Splitting the room based on user interests in submitting and publishing data or re-using data in Dryad, we turned the event space walls into post-it note exhibits. Researchers wrote down as many features and use cases they could think of for either submitting data or using data. Within their groups they then clustered and prioritized these features. Interestingly, the majority of participants chose to focus on data re-use, reflecting the change in open data acceptance amongst the community they represent. Some of the highest priority features in this arena were about integrations and development of software tools that make the curated data more usable. For those focusing on submission the top rated features were around crediting back to funders and institutions, as well as relations to the scripts and code used to analyze the data.

Image from iOS copy 3

Dr. Sally Otto representing the “Publishing Data” group discussion

Image from iOS copy 4

Researchers clustering and prioritizing data re-use features

Maintaining a researcher-led community and platform

Circling back to the opening question we prompted the group to think about their perceptions of what it means for researchers to be leading the Dryad community. Many of these perspectives centered around transparency in marketing, true costs, and the added values. A big note was on how we can overcome barriers like those who do not have funding to publish data. Researchers raised the point that they may not be able to cover the cost of a data publishing charge, even at a respected US-based institution. Questions of how curation, integration, and open-source values can be inclusive of these communities struggling for funding prompted us to consider how disparate and diverse scientific research may be, even within the same domain. We received innovative ideas related to business models for supporting a broader audience of researchers as well as outreach ideas reflecting the need to integrate deeper within the open-source software community.

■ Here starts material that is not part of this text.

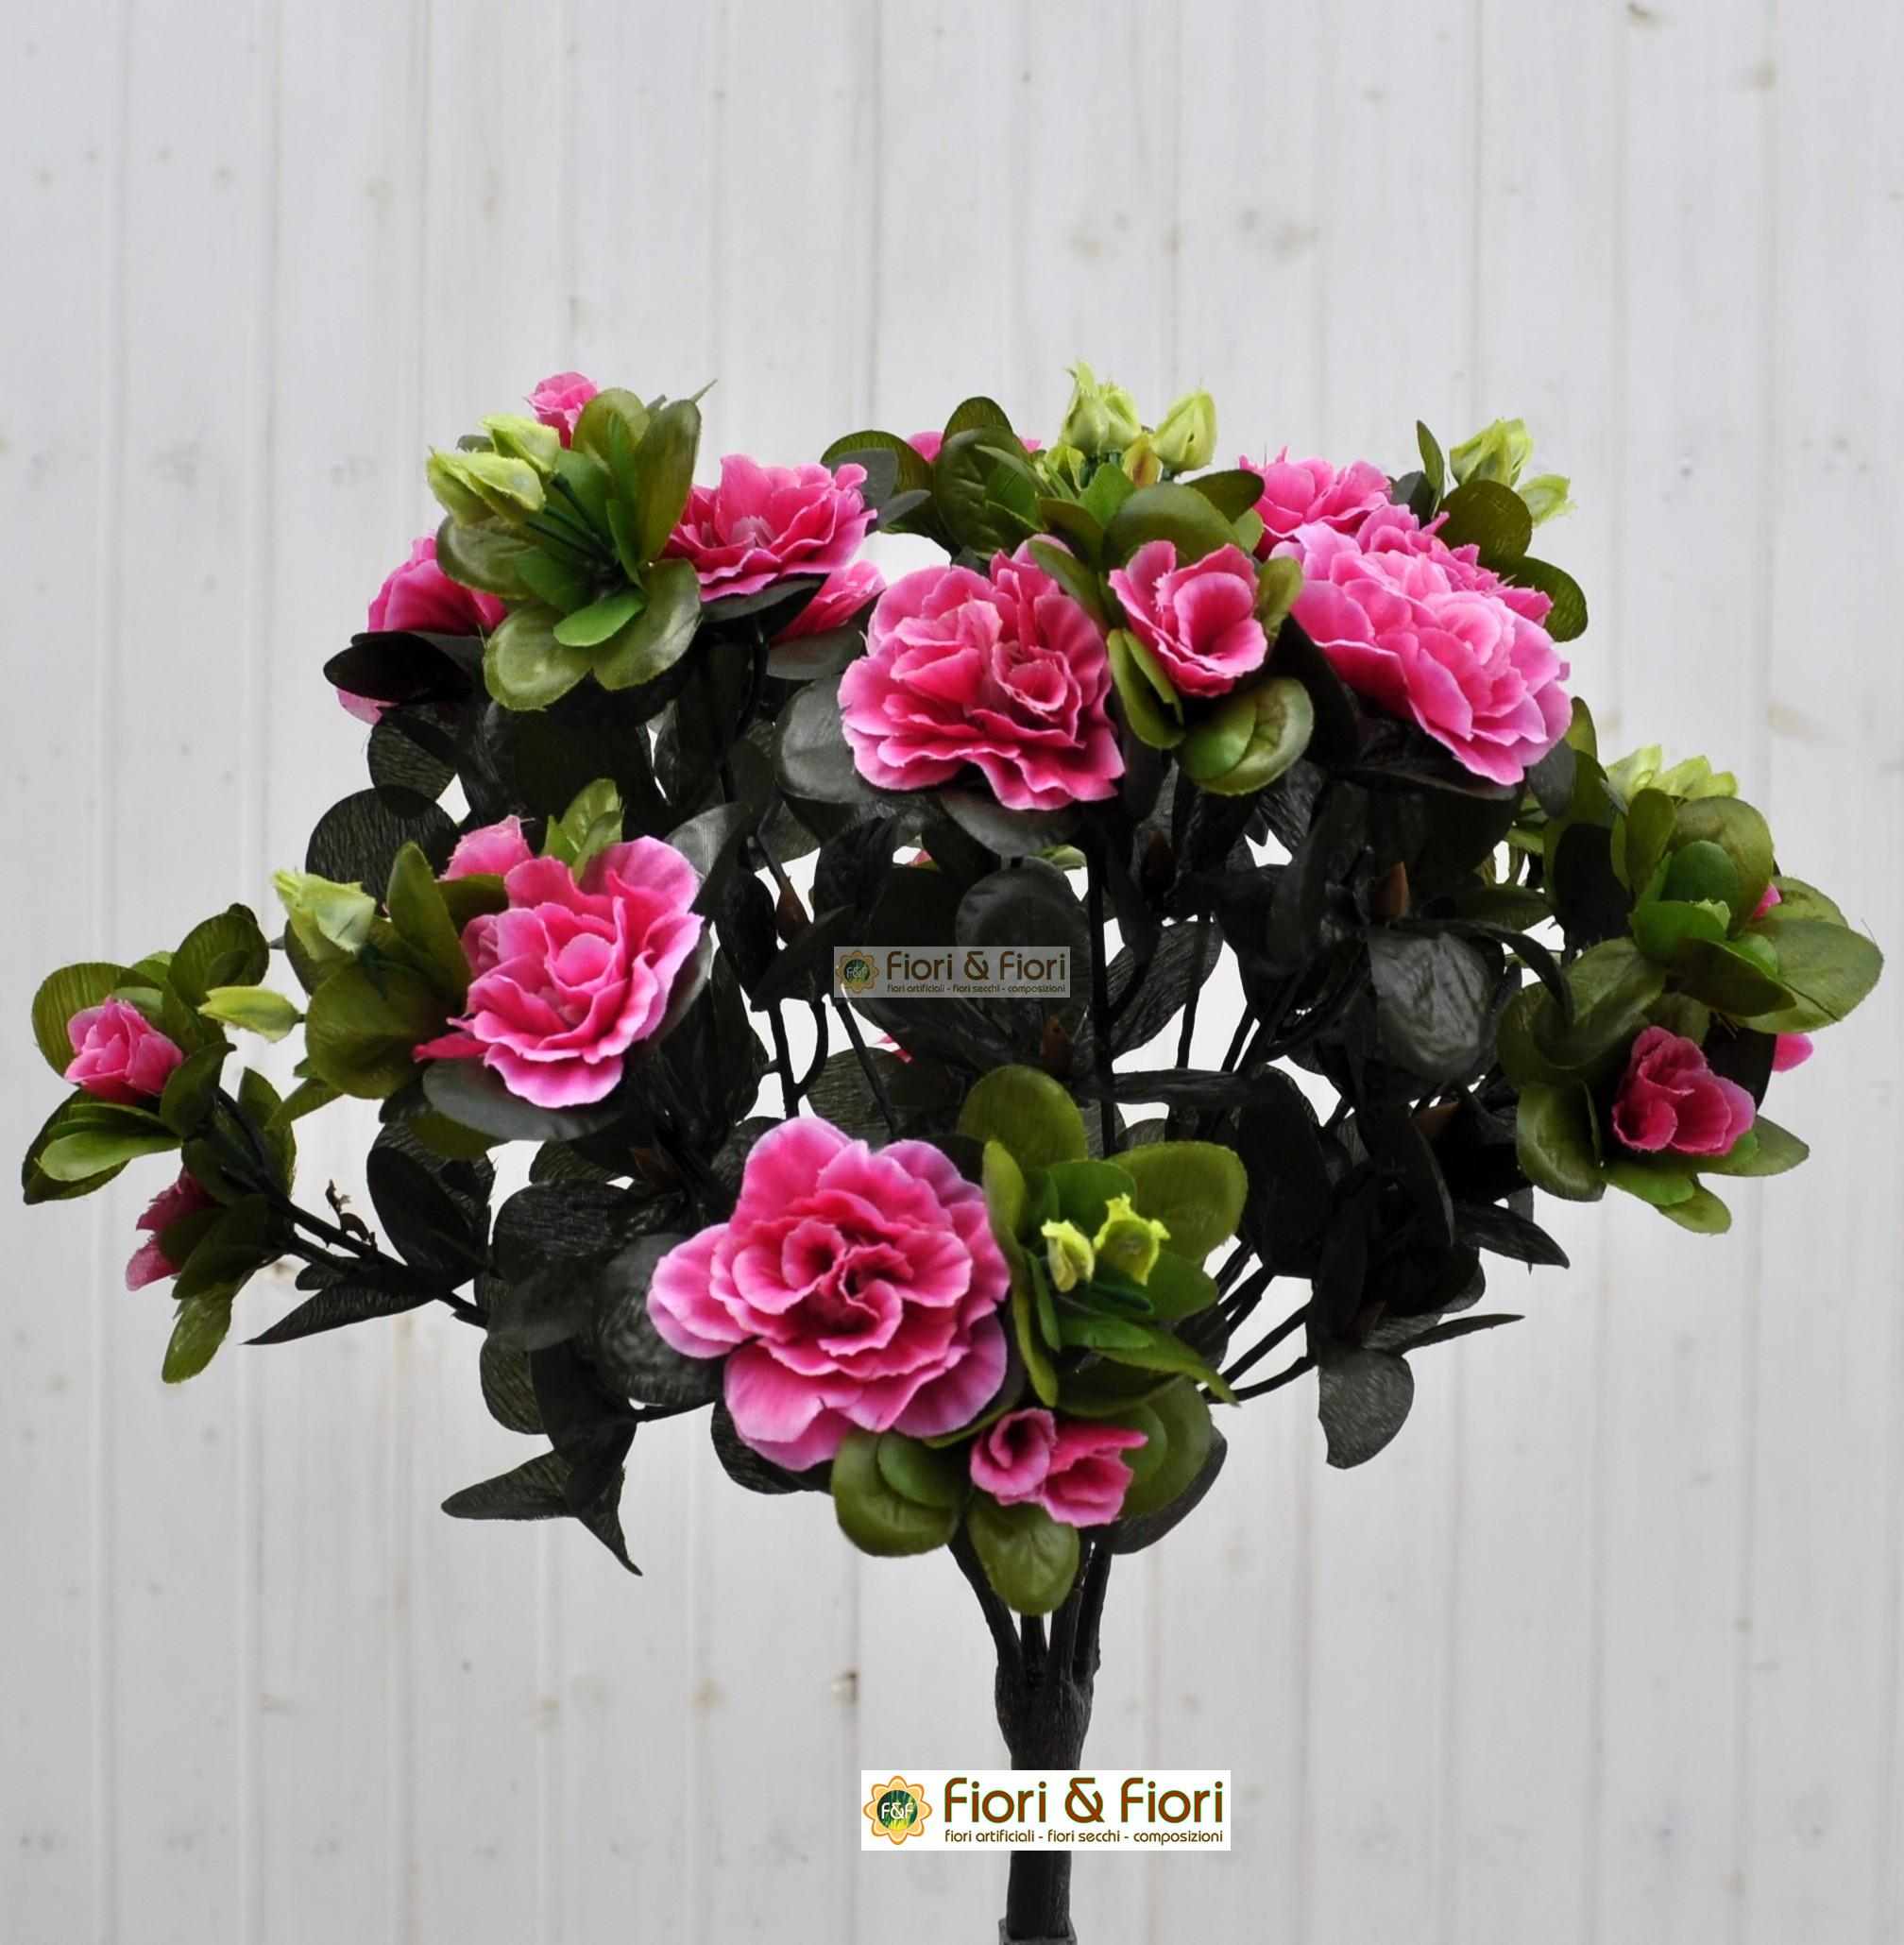 Azalea artificiale fucsia adatta sia da interno che esterno - Azalea pianta da interno o esterno ...

Working in conjunction with the open repositories (BCO-DMO, Arctic Data Center) and repository networks (DataONE) present at the workshop, and continuing to be led in the forms of governance and product management by researchers, Dryad and California Digital Library are striving to both understand and promote proper practices for community-ownership in open source data publishing. While this was a one-day event, we aim to continue to engage with broader research communities and encourage any researcher to get in touch with us if you have feedback or ideas for how you can get involved in our community.

CDL and Dryad thank the National Center for Ecological Analysis and Synthesis (NCEAS) for giving us the space to hold this meeting as well as the National Science Foundation for granting meeting funds.